If the Synthetic Turf Council recommends end-of-life chain of custody certification, and it does, why wouldn’t Maryland lawmakers support such legislation?
We are hoping Maryland lawmakers agree with us. We will update you on whether HB 857 is favorably reported out of committee.
Rushing Beltway Expansion Won’t Solve Congestion
submitted by Carol Van Dam Falk
Even though the final environmental impact statement is not expected until the Fall, on Jan. 27, 2021 Maryland highway officials announced they are plowing ahead with plans to expand I-495 and I-270, adding 4 toll lanes to each roadway. As currently envisioned, the plan also would include a managed "lane flyover" cross ramp at River Road that would cross Seven Locks Road and encroach on the historic Moses Hall and Cemetery off Seven Locks Road.

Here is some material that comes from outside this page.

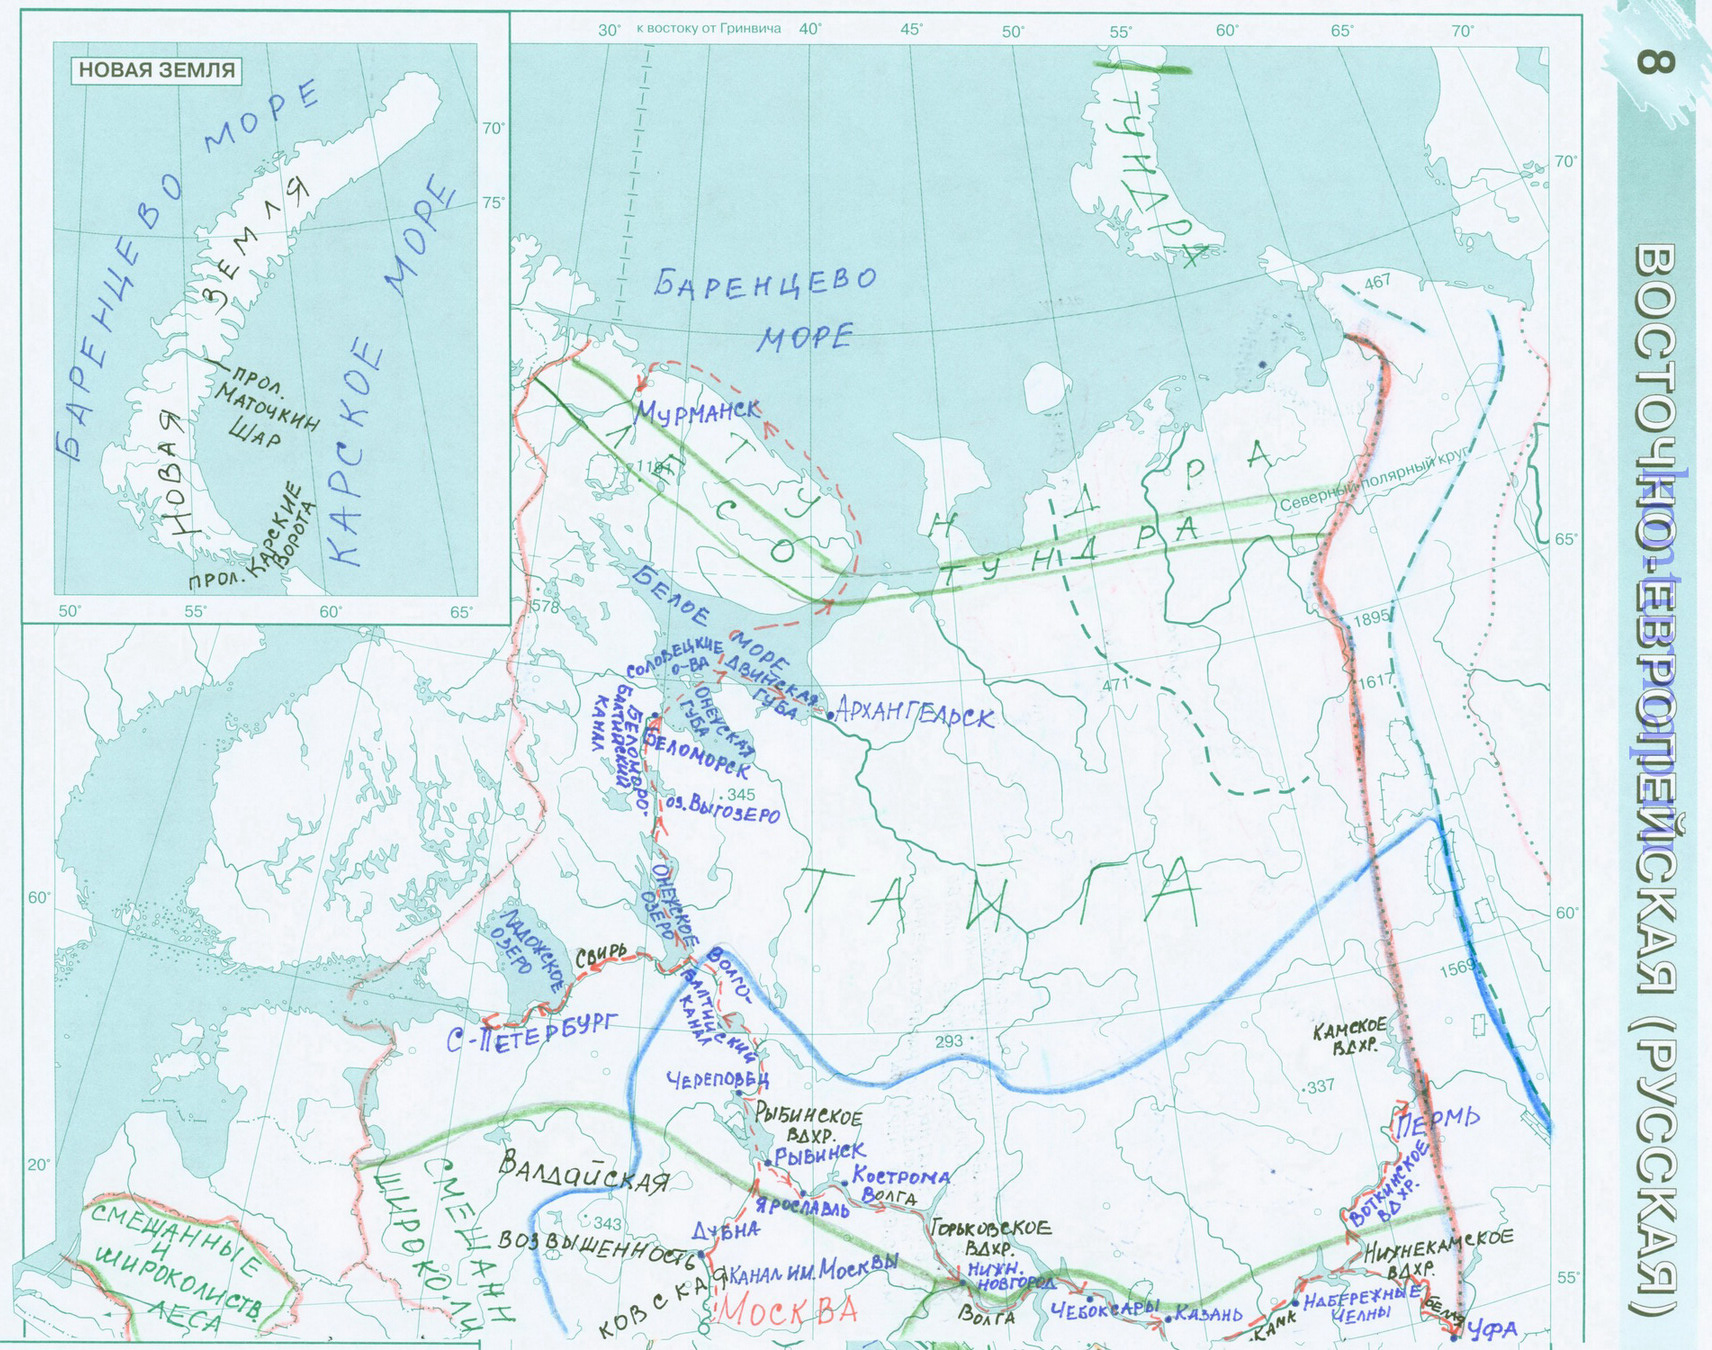 Делаем домашнее задание контурную карту по географии 8 класса пауночно ледовитый океан
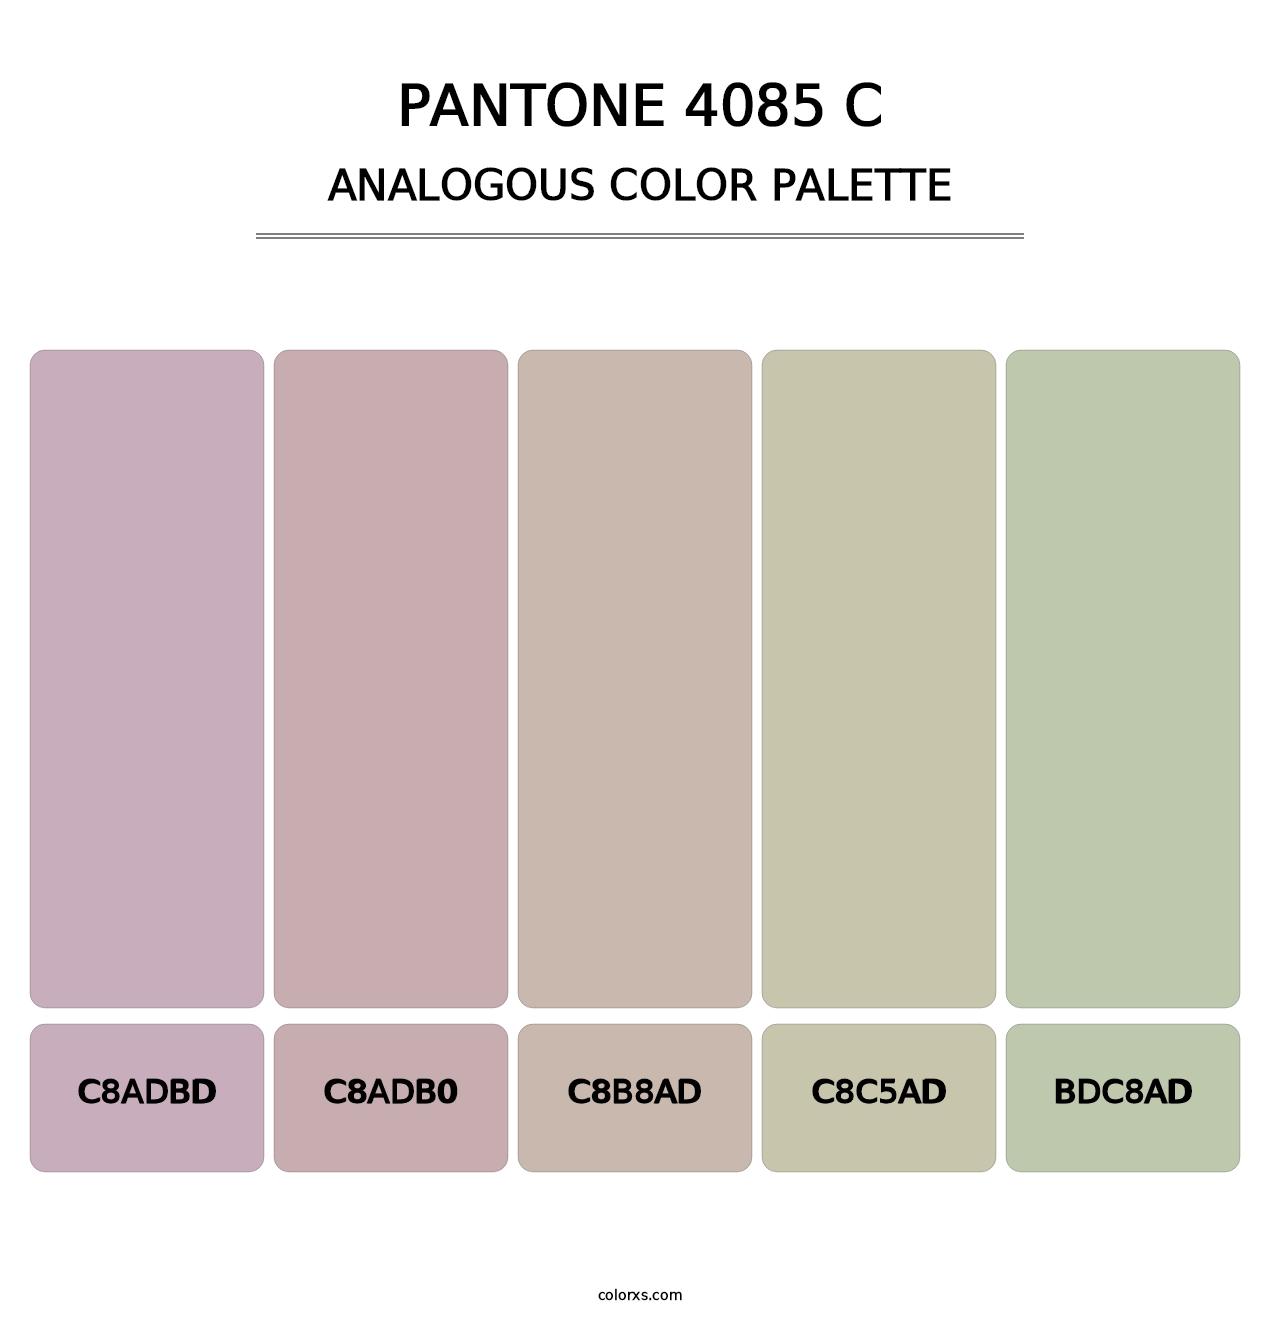 PANTONE 4085 C - Analogous Color Palette

"Alternative 9" will add four High Occupancy Toll (HOT) lanes: two in each direction: to I-495 between the American Legion Bridge and the I-270 spurs to I-270 between the Beltway and Interstate 70 in Frederick
In mid-February, MDOT selected Accelerate Maryland Partners, a consortium led by Transurban, to do “predevelopment” work on its $11 billion-plus 495/I-270 road widening project. As John Stout, the U.S. PIRG transportation advocate wrote in a Washington Post Feb. 2 opinion piece, "The science is clear: Highway expansion doesn’t solve traffic congestion. Wider roads mean more drivers. Expanding our highways traps us in our cars, increases harmful air pollution and destroys our environment. Among the wasteful highway boondoggles still moving forward amid the coronavirus pandemic, few would harm local residents’ health more or cause greater, irreversible environmental damage than Maryland’s Capital Beltway project."
The expansion is opposed by the Maryland-National Capital Park and Planning Commission, environmental activists, the U.S. Navy, and County residents who say the expansion will threaten hundreds of acres of natural parkland and streams and destroy numerous homes.